If the NAT rule has exempted_ext_ips set, then there is an additional flow
configured at the priority P + 2 of corresponding NAT rule. The flow
matches if destination ip is an exempted_ext_ip and the action is next; .
This flow is used to bypass the ct_snat action for a flow which is destinted
to exempted_ext_ips.
• An additional flow is added for traffic that goes in opposite direction
(i.e. it enters a network with configured SNAT). Where the flow above
matched on ip4.src == A && outport == GW, this flow matches on ip4.dst == A
&& inport == GW. A CT state is initiated for this traffic so that the
following table, lr_out_post_snat, can identify whether the traffic flow was
initiated from the internal or external network.
• A priority-0 logical flow with match 1 has actions next;.
Egress Table 4: Post SNAT
Packets reaching this table are processed according to the flows below:
• Traffic that goes directly into a network configured with SNAT on
Distributed routers, and was initiated from an external network (i.e. it
matches ct.new), is committed to the SNAT CT zone. This ensures that replies
returning from the SNATed network do not have their source address
translated. For details about match rules and priority see section "Egress
Table 3: SNAT on Distributed Routers".
• A priority-0 logical flow that matches all packets not already handled
(match 1) and action next;.
Egress Table 5: Egress Loopback
For distributed logical routers where one of the logical router ports specifies a gateway
chassis.
While UNDNAT and SNAT processing have already occurred by this point, this traffic needs
to be forced through egress loopback on this distributed gateway port instance, in order
for UNSNAT and DNAT processing to be applied, and also for IP routing and ARP resolution
after all of the NAT processing, so that the packet can be forwarded to the destination.
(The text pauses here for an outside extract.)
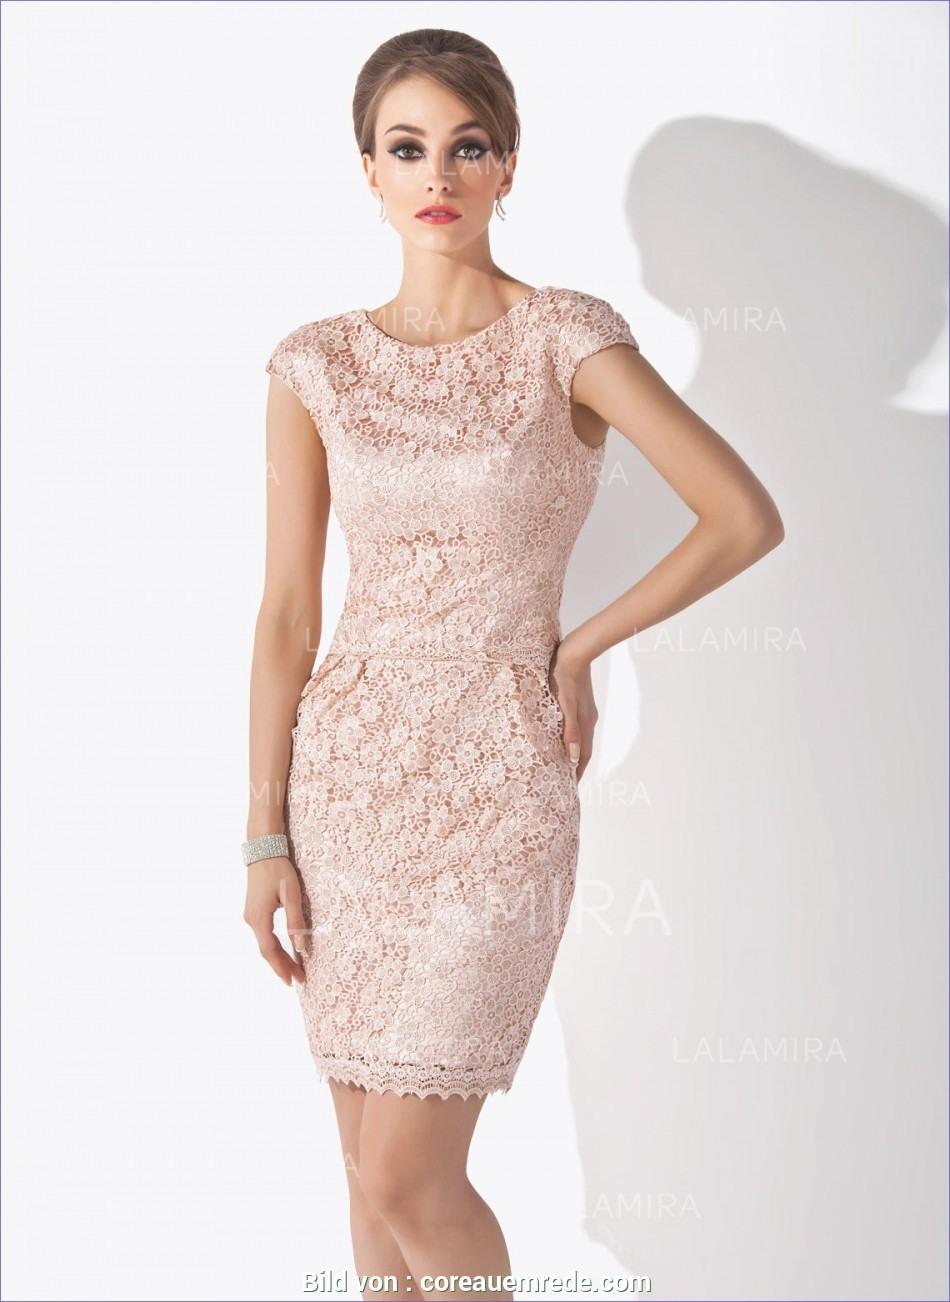 Formal Genial Besondere Abendkleider Spezialgebiet15 Schön Besondere Abendkleider Boutique
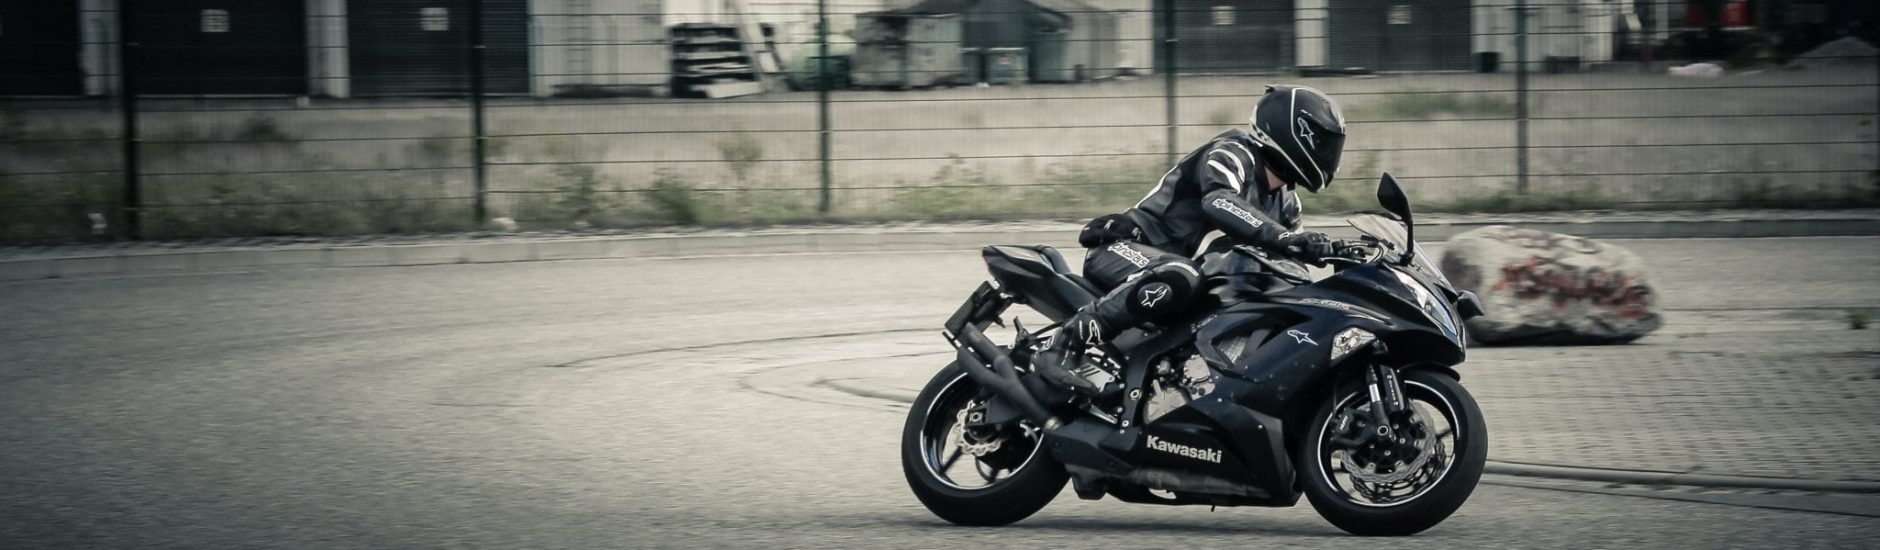 Sedgemoor Motorcycle Training, Bridgwater, Somerset

This table has the following flows:
• For each NAT rule in the OVN Northbound database on a distributed router, a
priority-100 logical flow with match ip4.dst == E && outport == GW &&
is_chassis_resident(P), where E is the external IP address specified in the
NAT rule, GW is the distributed gateway port corresponding to the NAT rule
(specified or inferred). For dnat_and_snat NAT rule, P is the logical port
specified in the NAT rule. If logical_port column of NAT table is NOT set,
then P is the chassisredirect port of GW with the following actions:
clone {
ct_clear;
inport = outport;
outport = "";
flags = 0;
flags.loopback = 1;
reg0 = 0;
reg1 = 0;
...
reg9 = 0;
REGBIT_EGRESS_LOOPBACK = 1;
next(pipeline=ingress, table=0);
};
flags.loopback is set since in_port is unchanged and the packet may return
back to that port after NAT processing. REGBIT_EGRESS_LOOPBACK is set to
indicate that egress loopback has occurred, in order to skip the source IP
address check against the router address.
• A priority-0 logical flow with match 1 has actions next;.
Egress Table 6: Delivery
Packets that reach this table are ready for delivery. It contains:
• Priority-110 logical flows that match IP multicast packets on each enabled
logical router port and modify the Ethernet source address of the packets to
the Ethernet address of the port and then execute action output;.
• Priority-100 logical flows that match packets on each enabled logical router
port, with action output;.
• A priority-0 logical flow that matches all packets not already handled
(match 1) and drops them (action drop;).
DROP SAMPLING
As described in the previous section, there are several places where ovn-northd might
decided to drop a packet by explicitly creating a Logical_Flow with the drop; action.
When debug drop-sampling has been cofigured in the OVN Northbound database, the ovn-northd
will replace all the drop; actions with a sample(priority=65535, collector_set=id,
obs_domain=obs_id, obs_point=@cookie) action, where:
• id is the value the debug_drop_collector_set option configured in the OVN
Northbound.
• obs_id has it’s 8 most significant bits equal to the value of the
debug_drop_domain_id option in the OVN Northbound and it’s 24 least
significant bits equal to the datapath’s tunnel key.